§ Work request
Please write out the entire listing below exactly, excluding its pictures.

§ Data shown
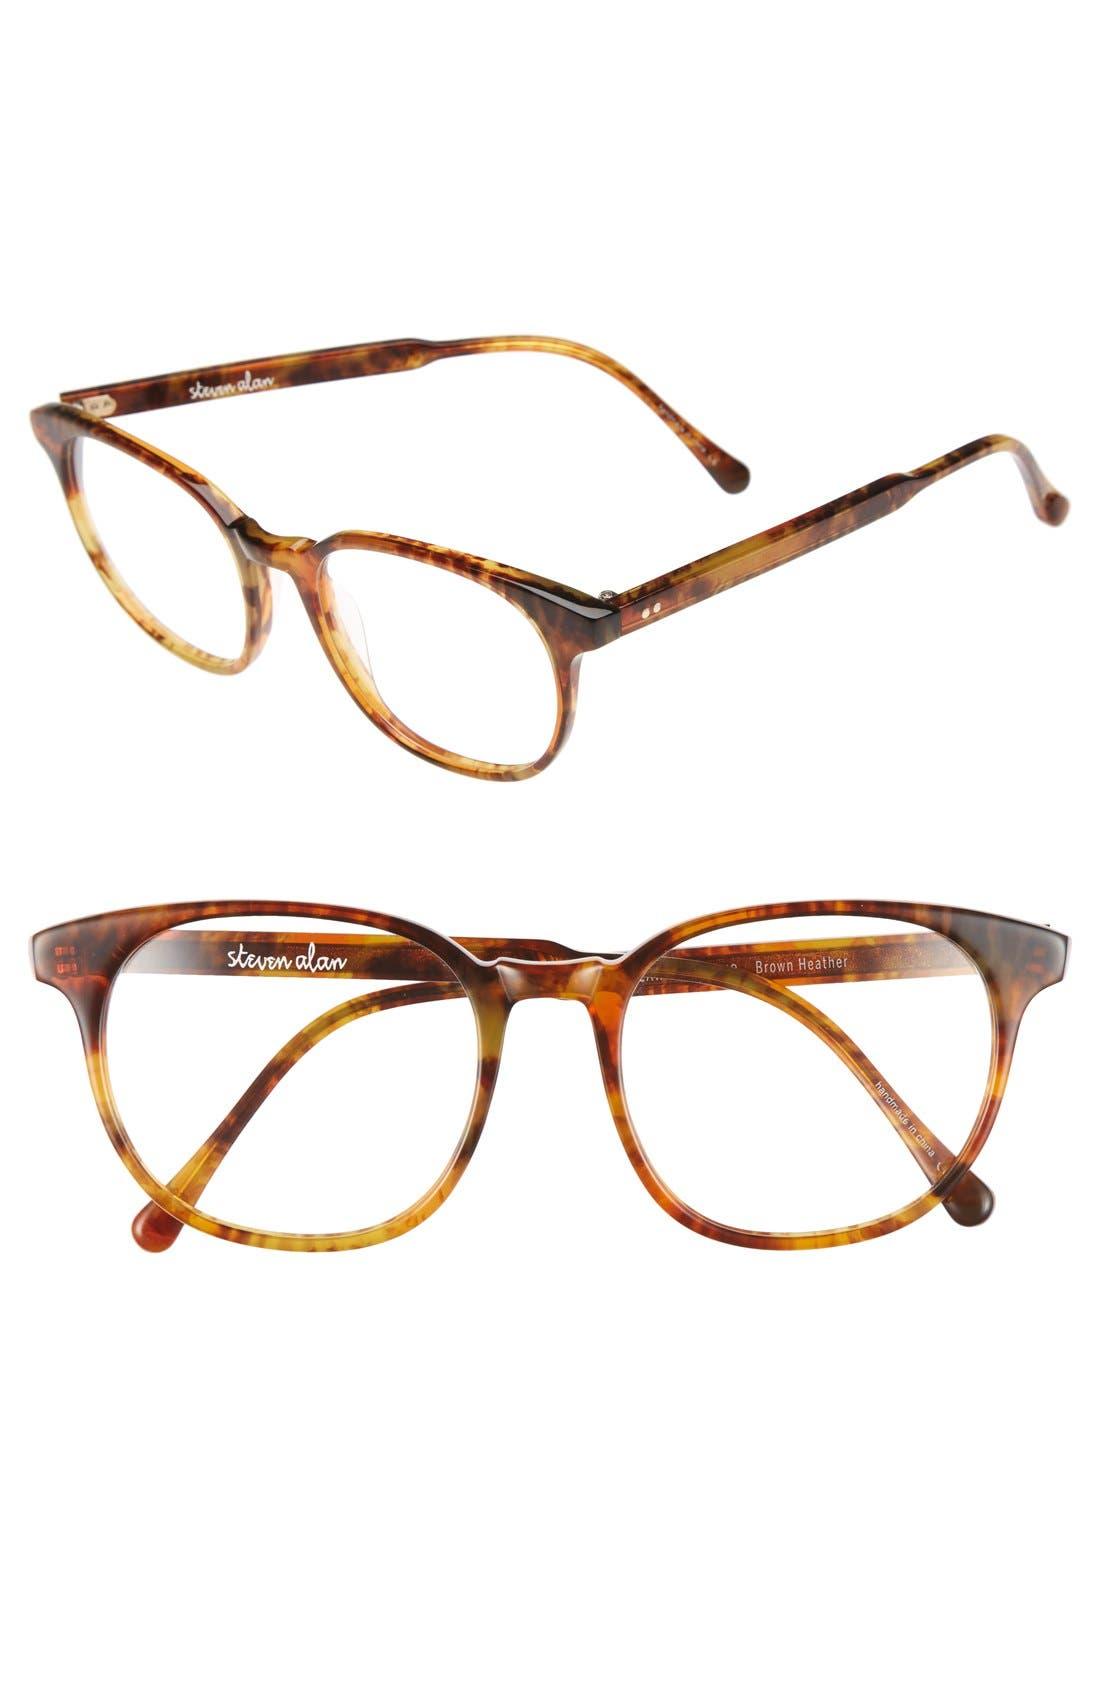 Alternate Image 1 Selected - Steven Alan 'High Lawn' 52mm Optical Glasses
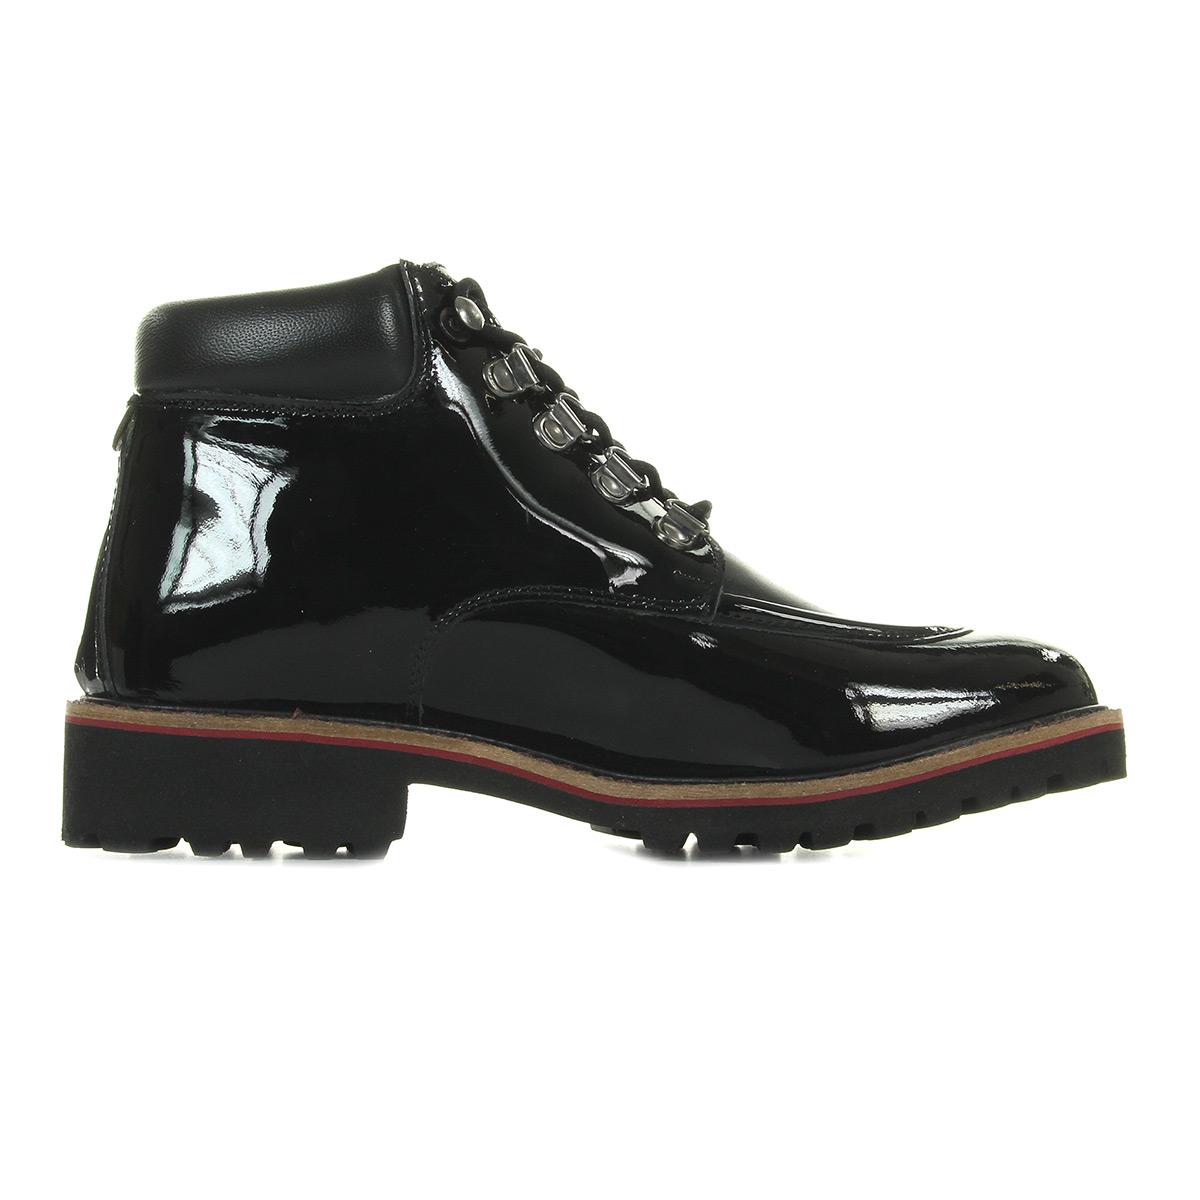 Kickers Reno Cuir Noir 578720508, Boots femme
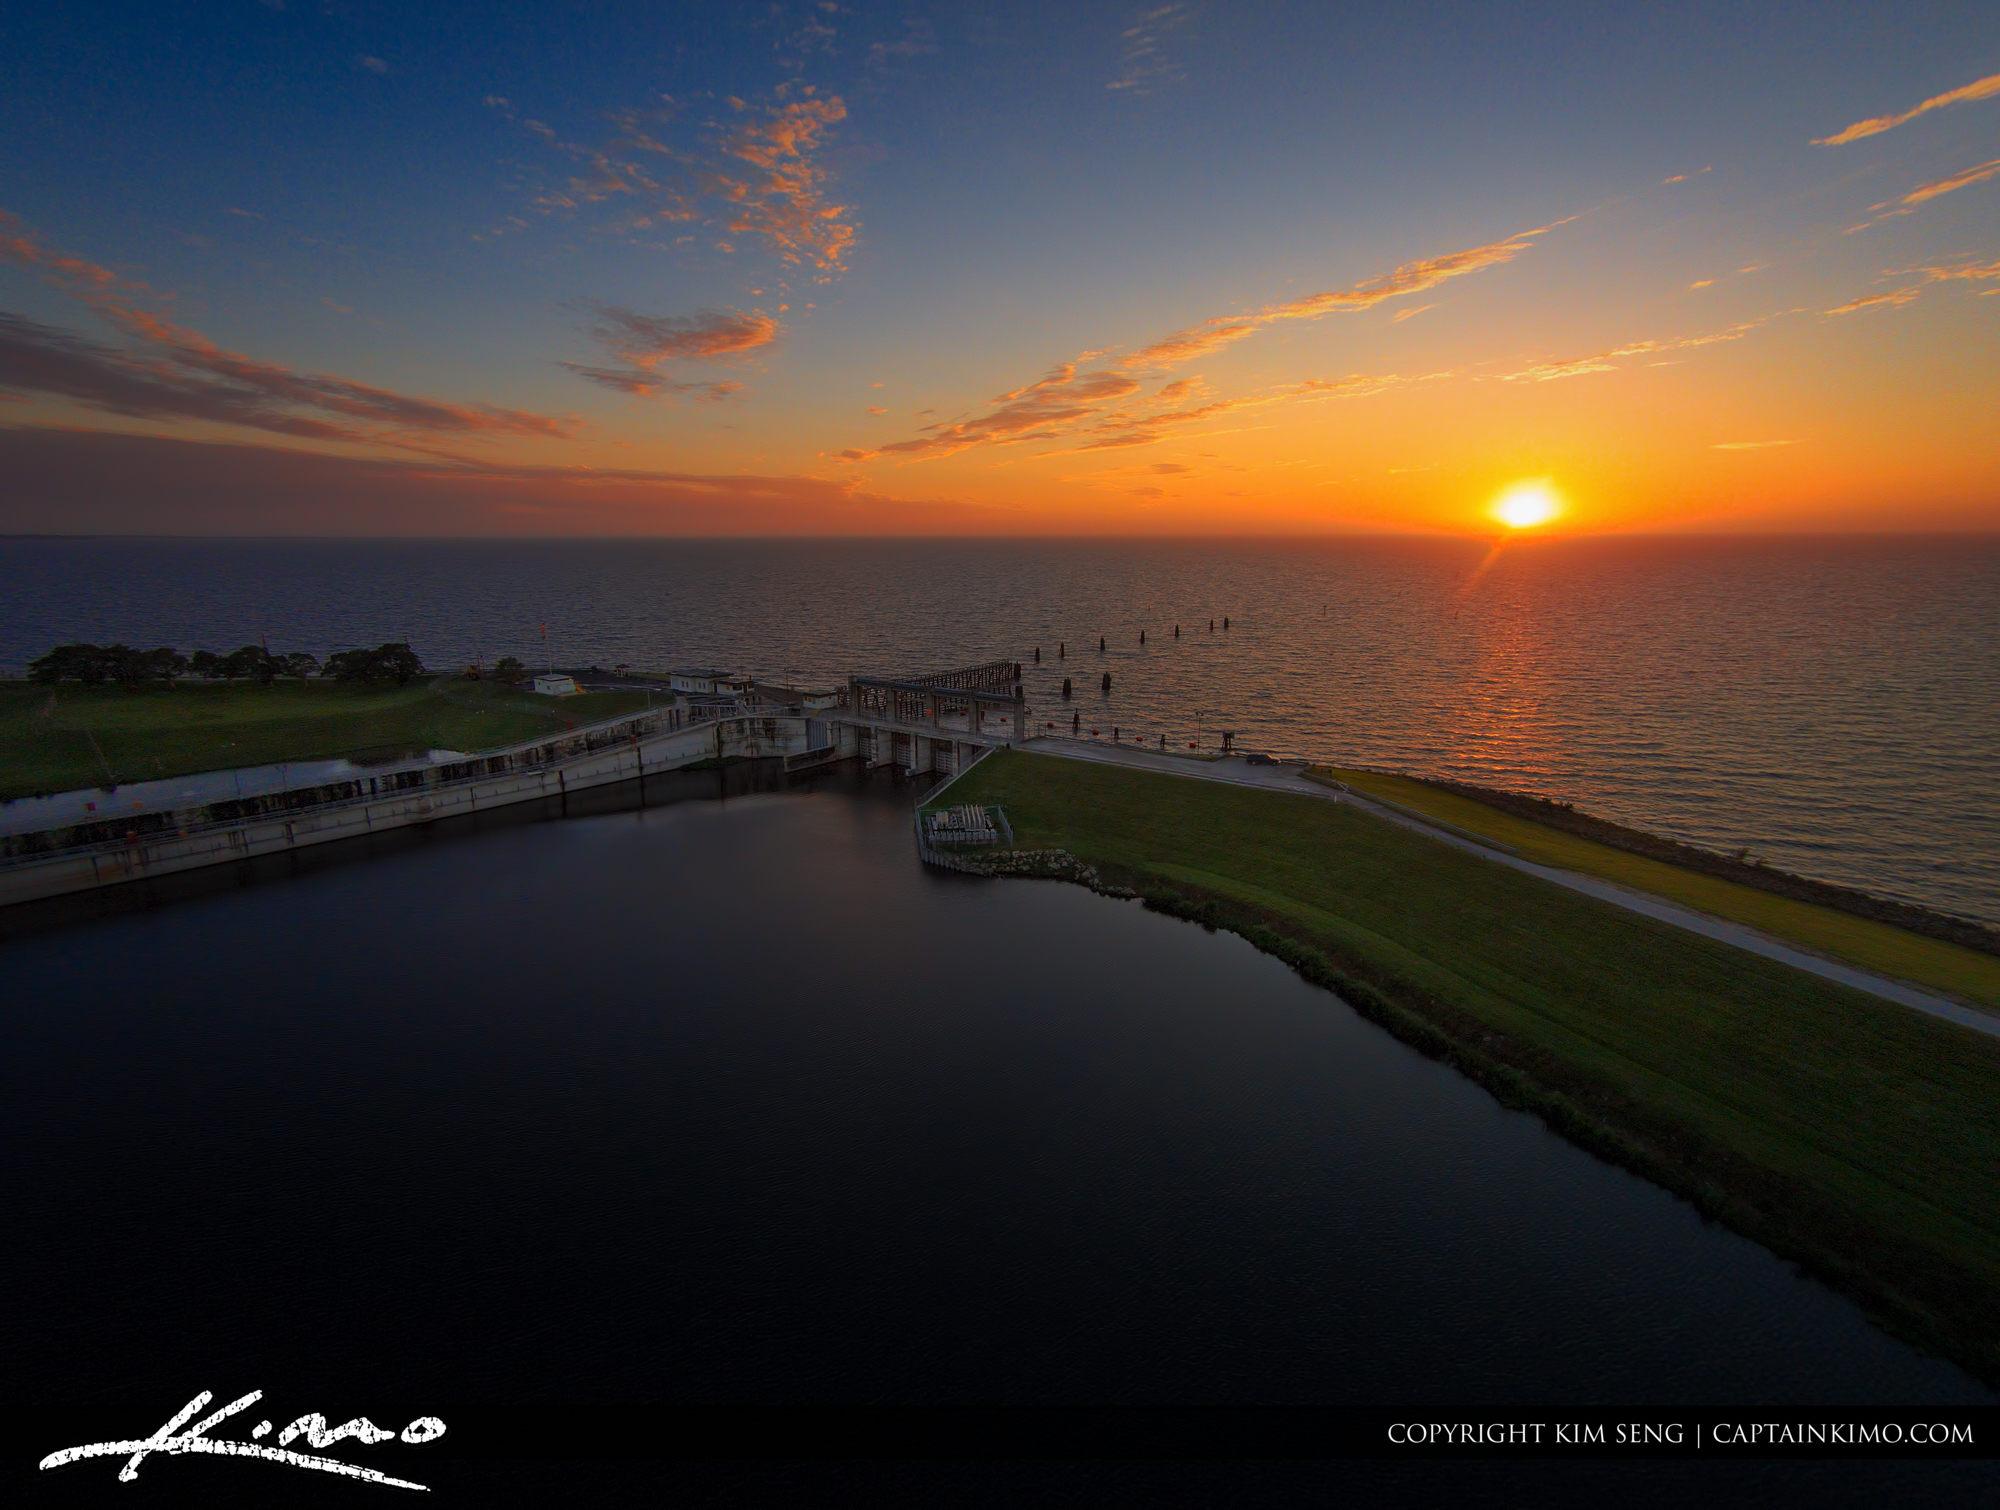 Okeechobee Lake Sunset from Port Mayaca Florida

§ Completed exercise
 Alternate Image 1 Selected - Steven Alan 'High Lawn' 52mm Optical Glasses
 Kickers Reno Cuir Noir 578720508, Boots femme
 Okeechobee Lake Sunset from Port Mayaca Florida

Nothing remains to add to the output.